### Exercise instructions
Copy out exactly the lines from the one with "Lilac Engagement Session" through the last line of the listing below, both included, but none of the pictures.

### Supplied data

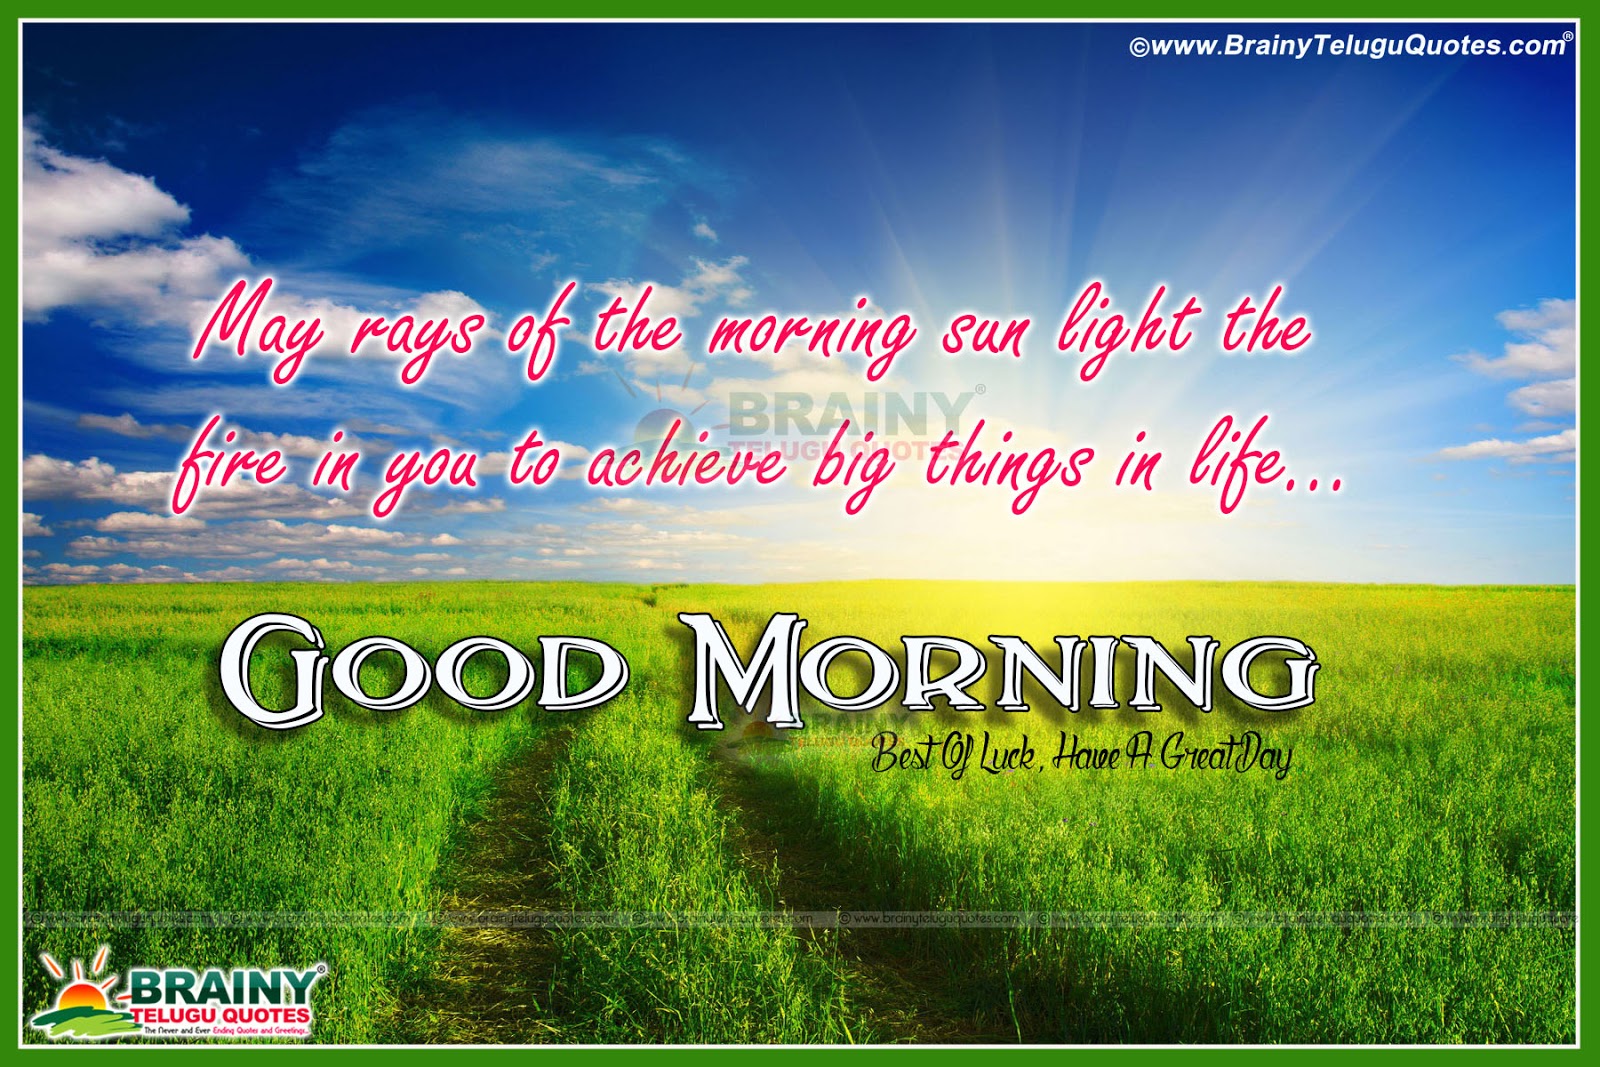 Good Morning English Comments and Best Wishes Images ...
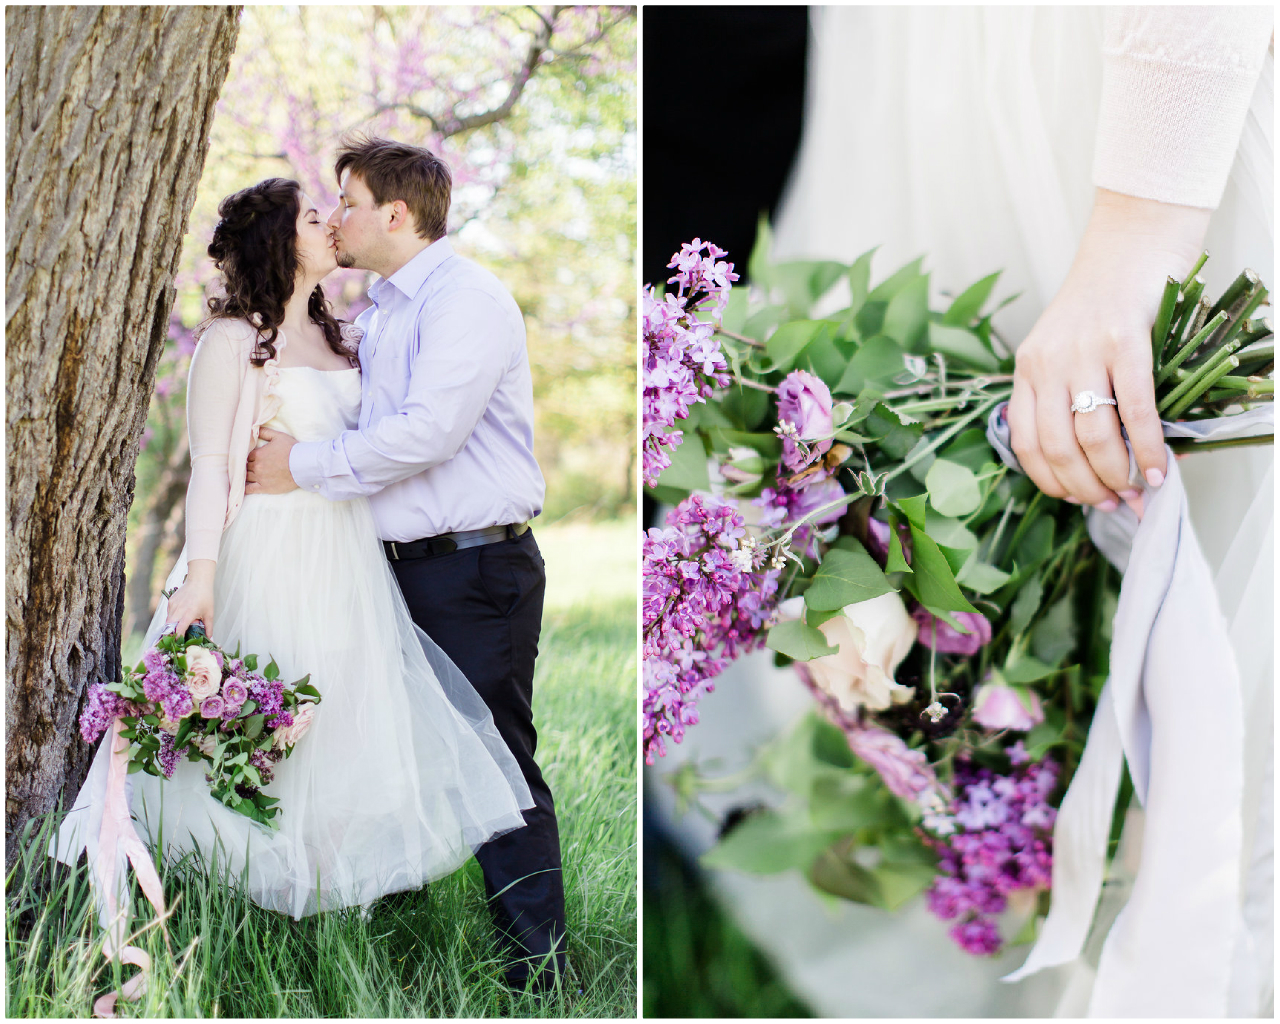 Lilac Engagement Session | The Day's Design | Ashley Slater Photography
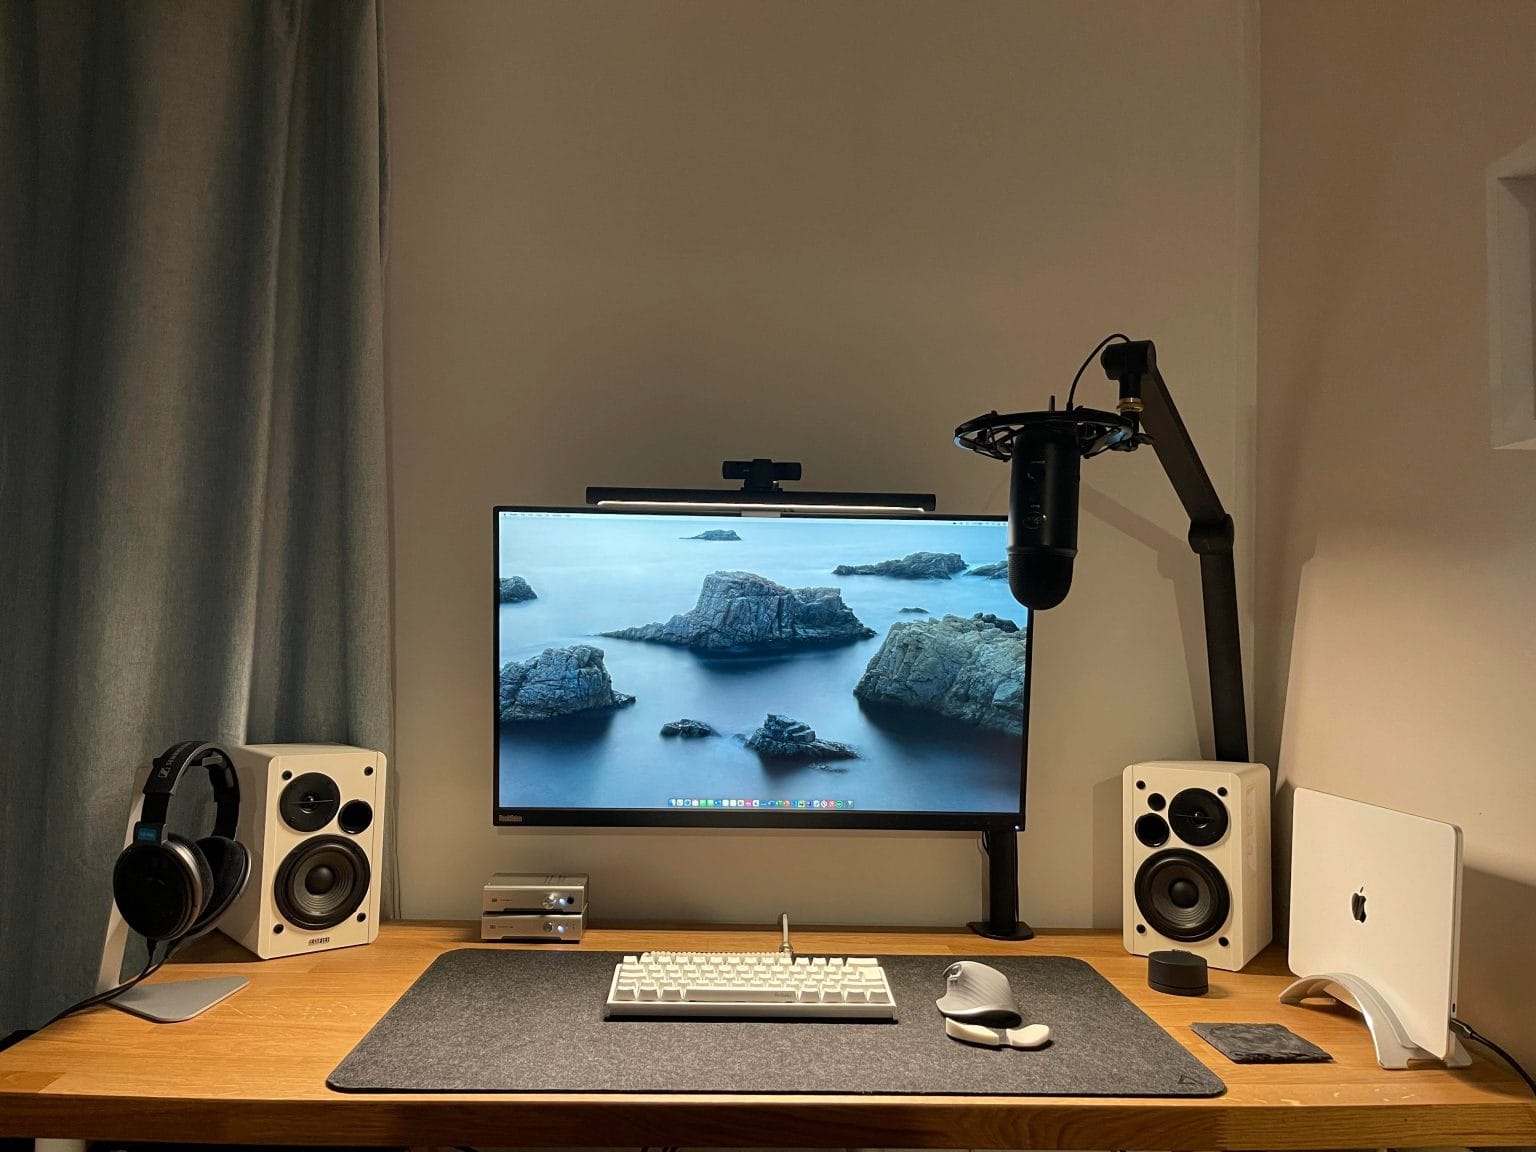 This MacBook Pro M1 setup is all about quality audio.

### Finished exercise
 Lilac Engagement Session | The Day's Design | Ashley Slater Photography
 This MacBook Pro M1 setup is all about quality audio.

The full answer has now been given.